A Bracing, Slashing New Album and an October Release Show by Violin/Viola Duo andPlay

Maya Bennardo is one of the violinists in the perennially ambitious Mivos Quartet. Hannah Levinson is the violist of indie classical chamber group the Talea Ensemble. Together, the two musicians call themselves andPlay. With a similar ambition and, yeah, playfulness, they’re advocates for exciting new repertoire for their two instruments. Their debut album Playlist is streaming at Bandcamp. They’re playing the release show at the Metropolis Ensemble‘s intimate second-floor digs at 1 Rivington St. on Oct 4 at 7:30 PM. Cover is $15; the entrance is a few steps past the southeast corner of Rivington and Bowery

The new record features four new compositions which explore the many ways that string players can employ sharp, fleeting figures: most of it is the opposite of atmospheric music. Frequent, it seems that there are more than two instruments playing.

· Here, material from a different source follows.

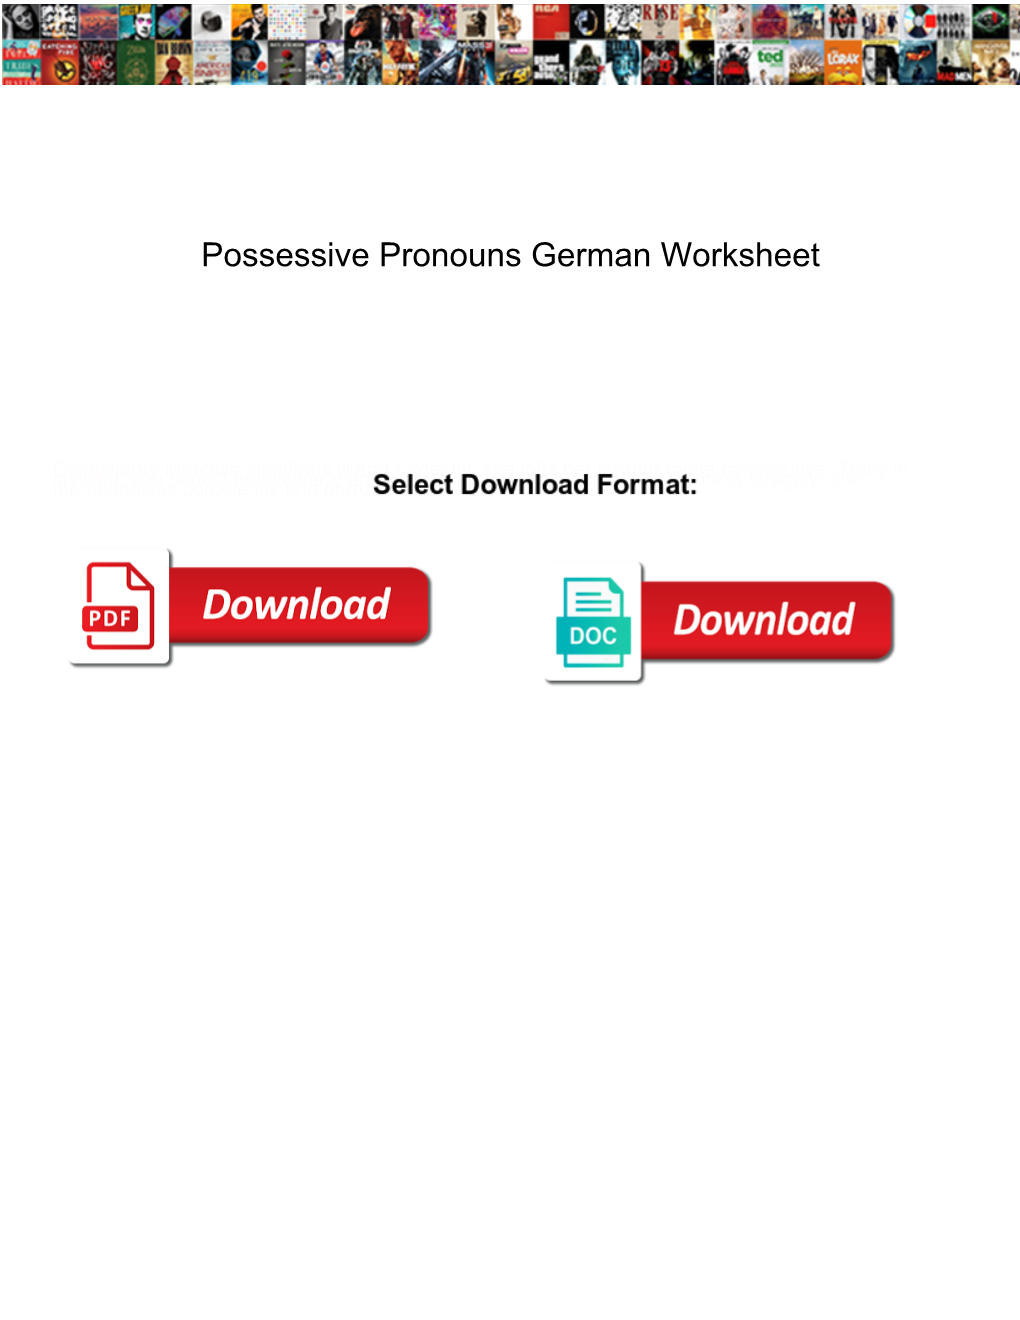 possessive-pronouns-german-worksheet-docslib

There are two David Bird works: the first, Bezier has brief scrapes, coyly stairstepping riffs, chirpy microtones and grimly intertwining tritones contrasting with wanly sepulchral washes. It brings to mind Messiaen’s experiments in evoking birdsong. The epic Apochrypha, which closes the album, has flitting electronic bits that blend with and then fight the alternately still and agitatedly flickering strings.

Ashkan Behzadi’s Crescita Plastica, the opening track,, begins with a slithery downward swipe followed by suspensefully spaced, shivery phrases and troubled call-and-response. As the two instruments shriek and scrape fitfully, it strongly evokes the work of Michael Hersch. Clara Ionatta‘s Limun comes across as a couple of friendly ghosts in a game of peek-a-boo and then gives way to drifting horizontality. For the most part, this isn’t easy listening, but it’s an awful lot of fun for people who gravitate toward stark, edgy harmonies and textures.